The agency issued a letter to the maker of drisapersen saying its application does not meet standards for drug efficacy, a week before considering another drug for the condition.
By Stephen Feller   |   Jan. 14, 2016 at 12:13 PM

SILVER SPRING, Md., Jan. 14 (UPI) -- The U.S. Food and Drug Administration issued a complete response letter to BioMarin Pharmaceutical Inc., the maker of drisapersen, branded as Kyndrisa, a drug to treat Duchenne muscular dystrophy, indicating it has not met requirements for efficacy.

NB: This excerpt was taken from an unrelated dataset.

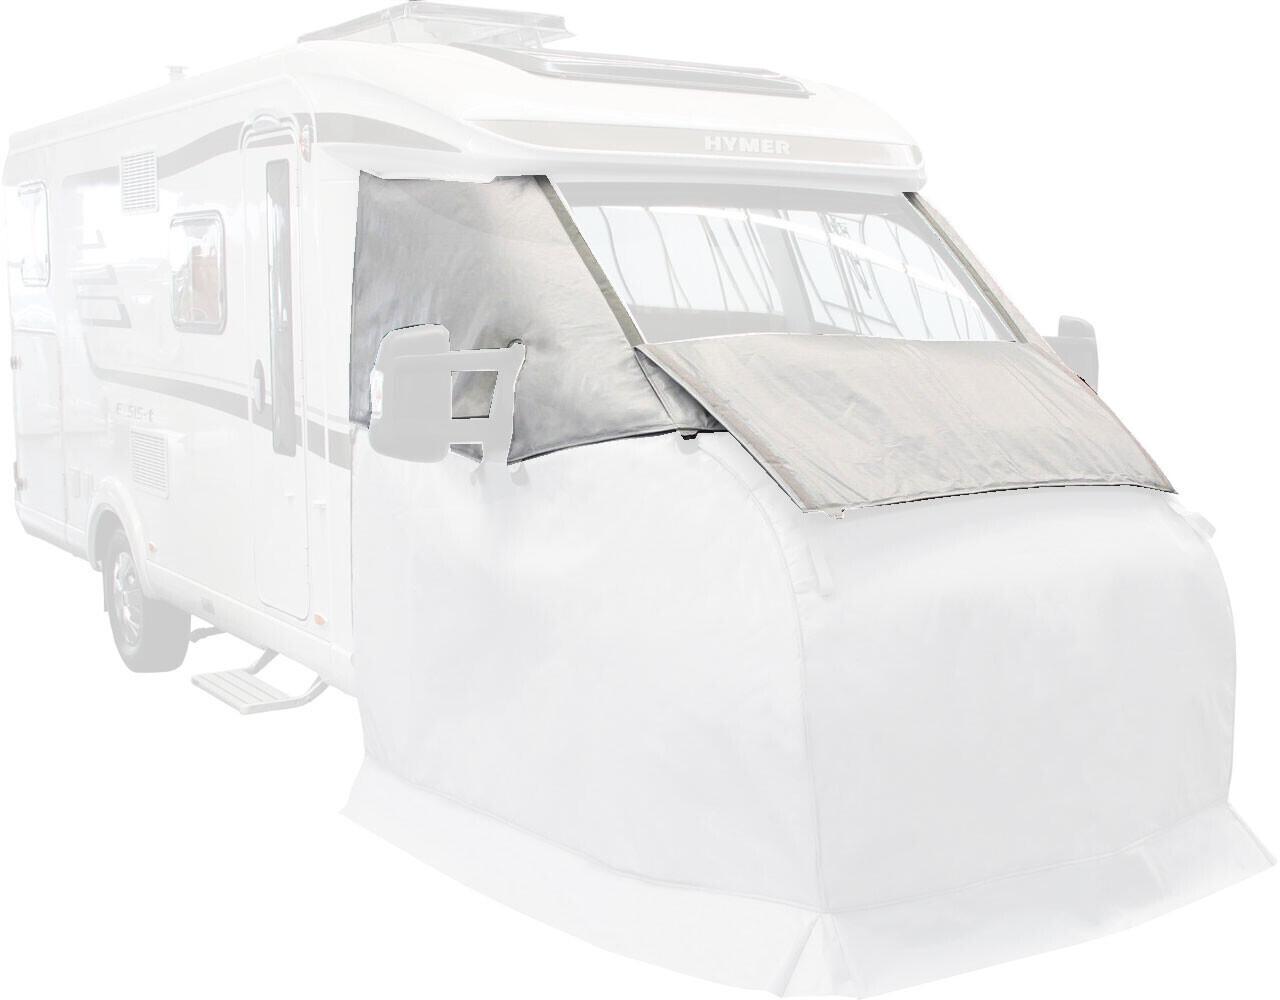 Hindermann LUX-DUO X 250

The denial has drawn the ire of researchers and members of the Duchenne patient community who anxiously await the approval of drisapersen and another drug, eteplirsen, which will be the subject of an FDA committee meeting on January 22.

The letter to BioMarin follows an FDA committee meeting last year that did not recommend drisapersen for approval based at least partially on concerns that clinical trials do not effectively increase levels of the protein dystrophin, the lack of which causes the disease.

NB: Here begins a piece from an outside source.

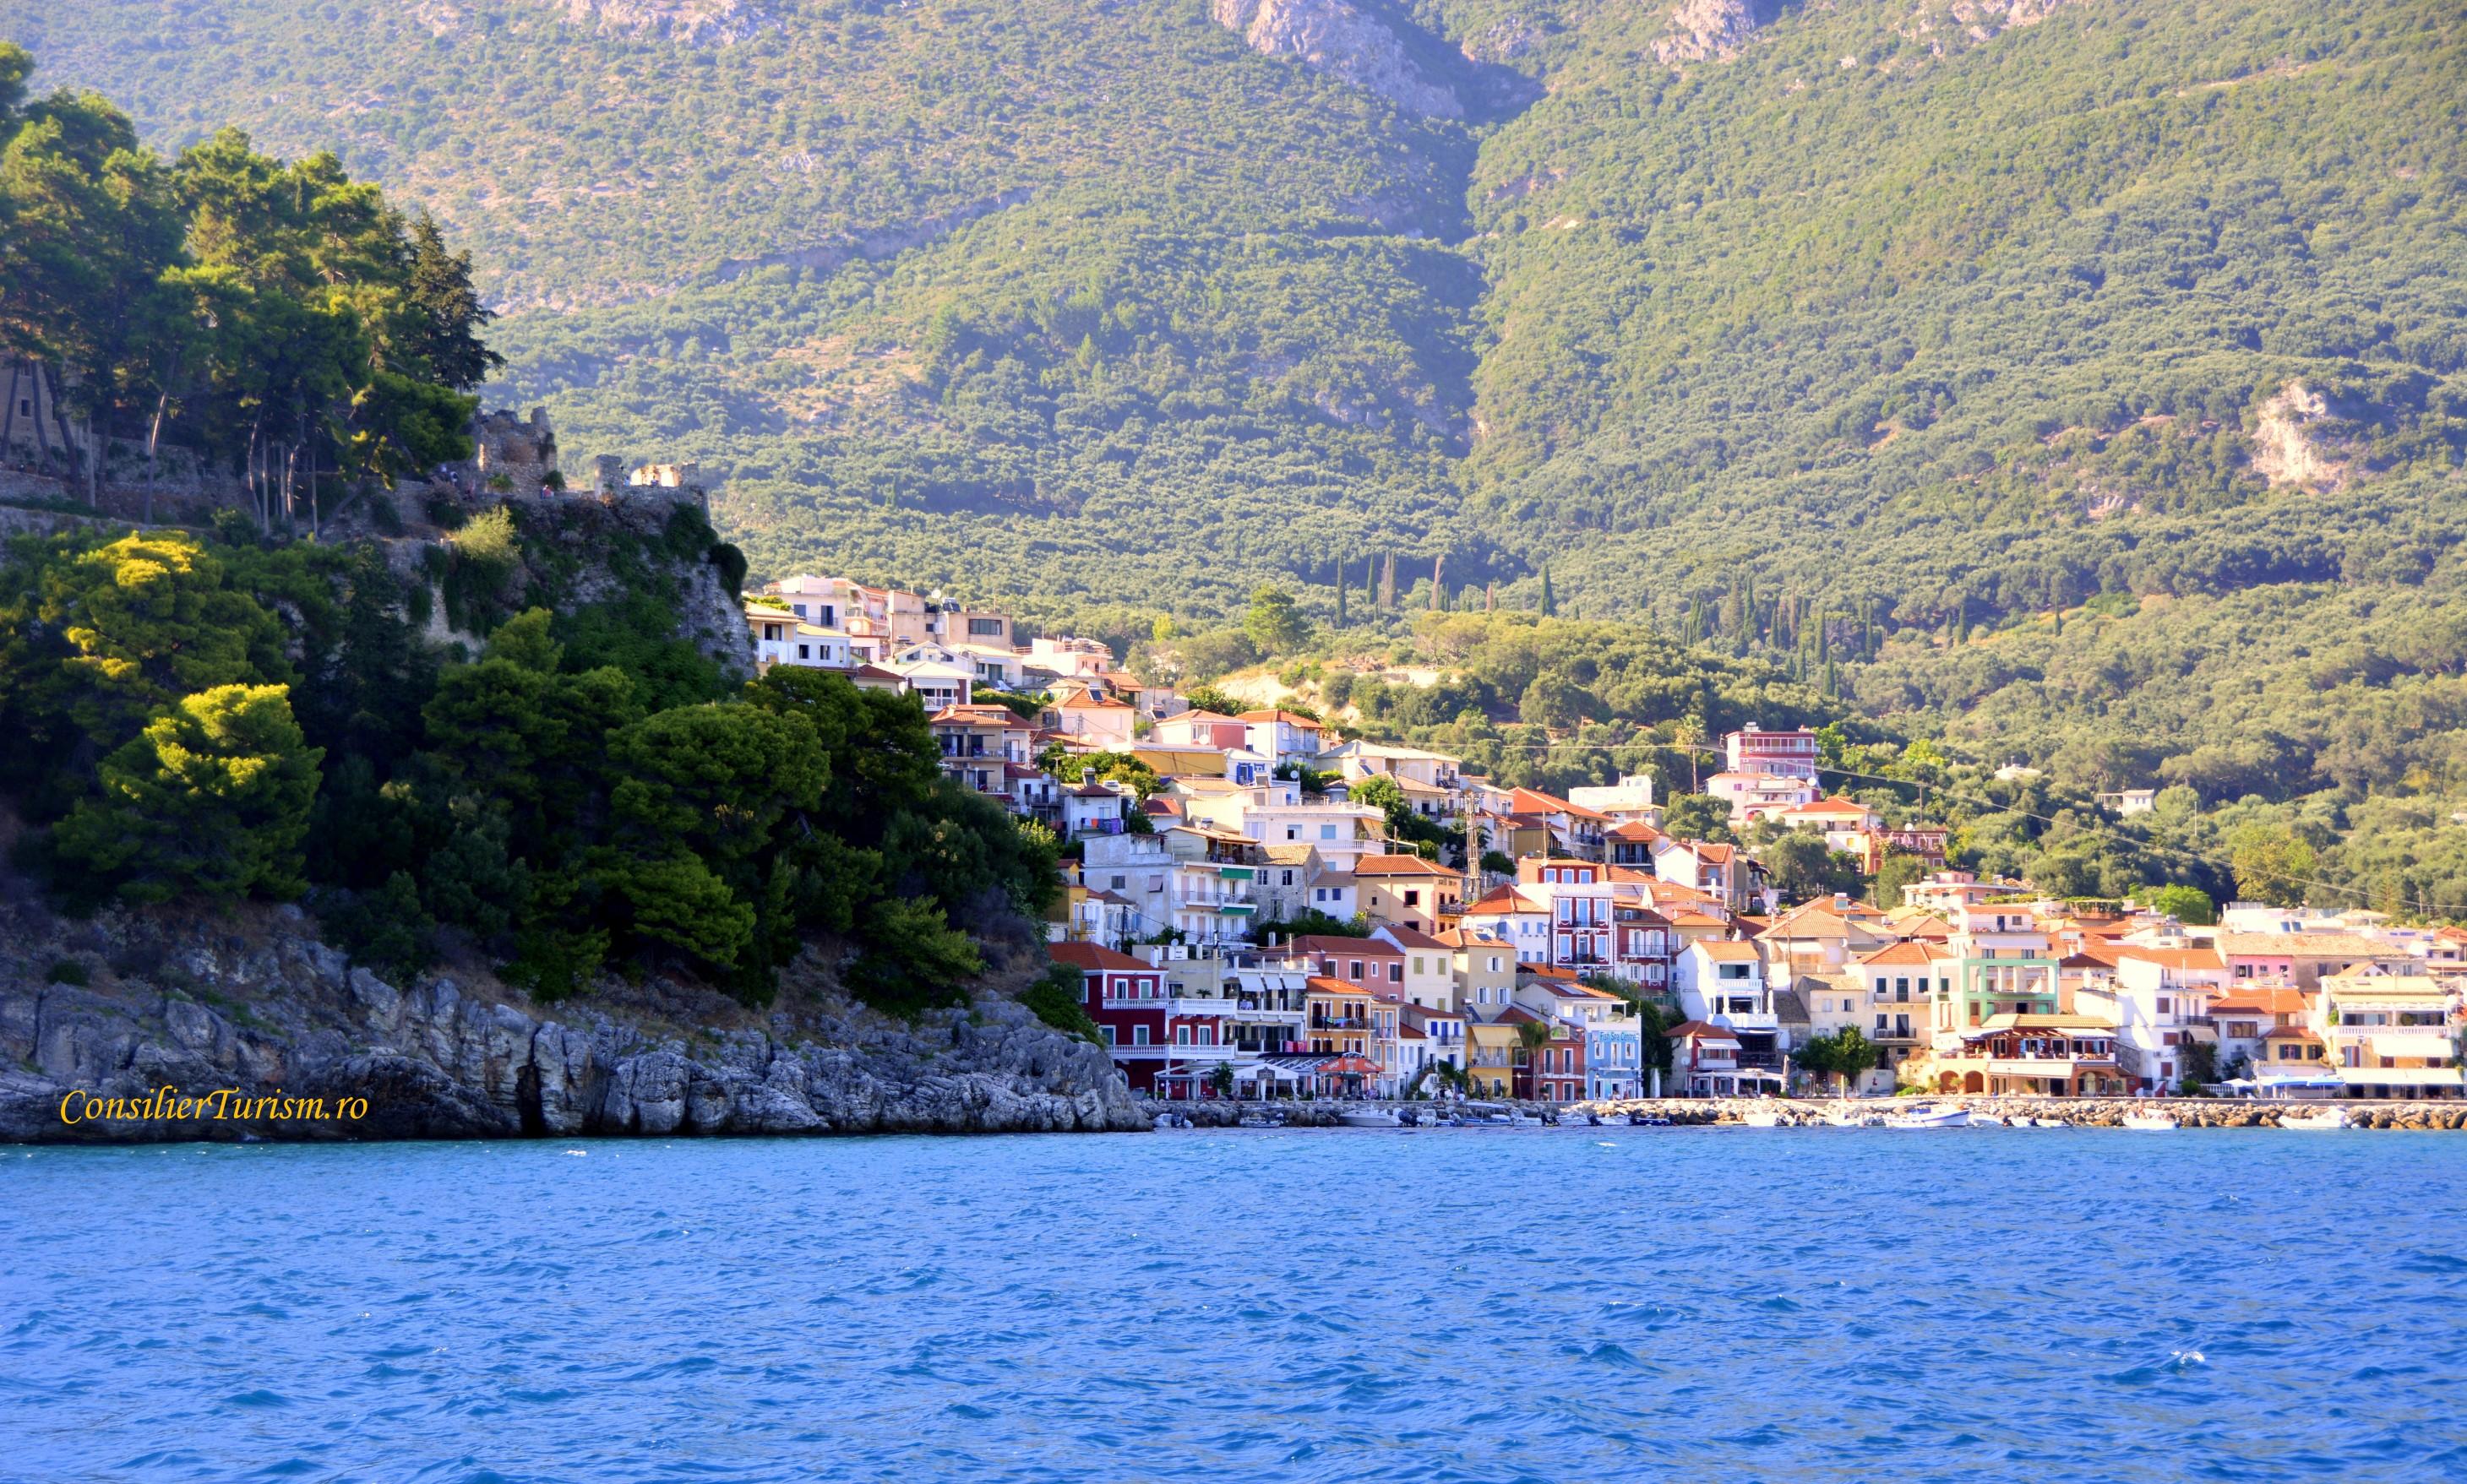 parga greece sea view

The agency has insisted on placebo-controlled trials of both drugs to establish their efficacy and safety, though researchers and patient advocates suggest proof that dystrophin is being produced as a result of the drug without significant side effects should be sufficient to start use.

"My feeling is, it can't hurt to be approved, in the sense that it's got such a safety profile, it looks like its efficacious, and it's making protein," Lou Kunkel, a researcher who worked with both BioMarin and Sarepta, the company that makes eteplirsen, told the Boston Business Journal. "That, to me, would predict it to have an effect. And it would be a travesty not to let patients have it."

Kunkel, who also was involved in the discovery of dystrophin's role in Duchenne muscular dystrophy, said his focus is on whether the drugs promote production of the protein, as opposed to overall clinical trial results. He noted the FDA was less concerned with what the drug is supposed to do, missing the point that it may be more difficult to recruit patients for clinical trials.

"Imagine, these trials are taking place for the real efficacy in the kids who are 7, 8, 9 years old. And they're in the phase of the disease where they're going to lose ambulation by 10," Kunkel said. "So imagine if you were told this is going to be a placebo-controlled trial and your child is one of the third that wasn't going to get drug. I wouldn't sign up for that trial."

In a 2014 statement on its questions about eteplirsen, the FDA said "it would be necessary to include data in its new drug application demonstrating that eteplirsen increases production of the muscle protein dystrophin," expressing concerns over measurement methods in the company's trials of the drug.

In the materials distributed during discussion on drisapersen in November, the agency expressed concerns about both the safety and efficacy of the drug based on clinical trial evidence BioMarin presented. The materials also point to the risk for side effects being justified by the results of the trials.

Kunkel said the levels of dystrophin promoted by both drugs are not that high, adding that he shared concerns with BioMarin about the toxicity of its drug. Considering the committee hearing in November on drisapersen, he said Serapta may run into at least one of the same issues at its hearing this month.

"They are in the range where you might say they would have some effect, but they questioned BioMarin about their levels," Kunkel said. "How much would they need to be correct? Can you predict that? That's a very difficult number to put out there."

BioMarin said in a press release it is reviewing the FDA's letter and would work with the agency to determine what it needs to do next, adding that ongoing trials for drisapersen would continue as it prepares the next steps for the drug's application for approval.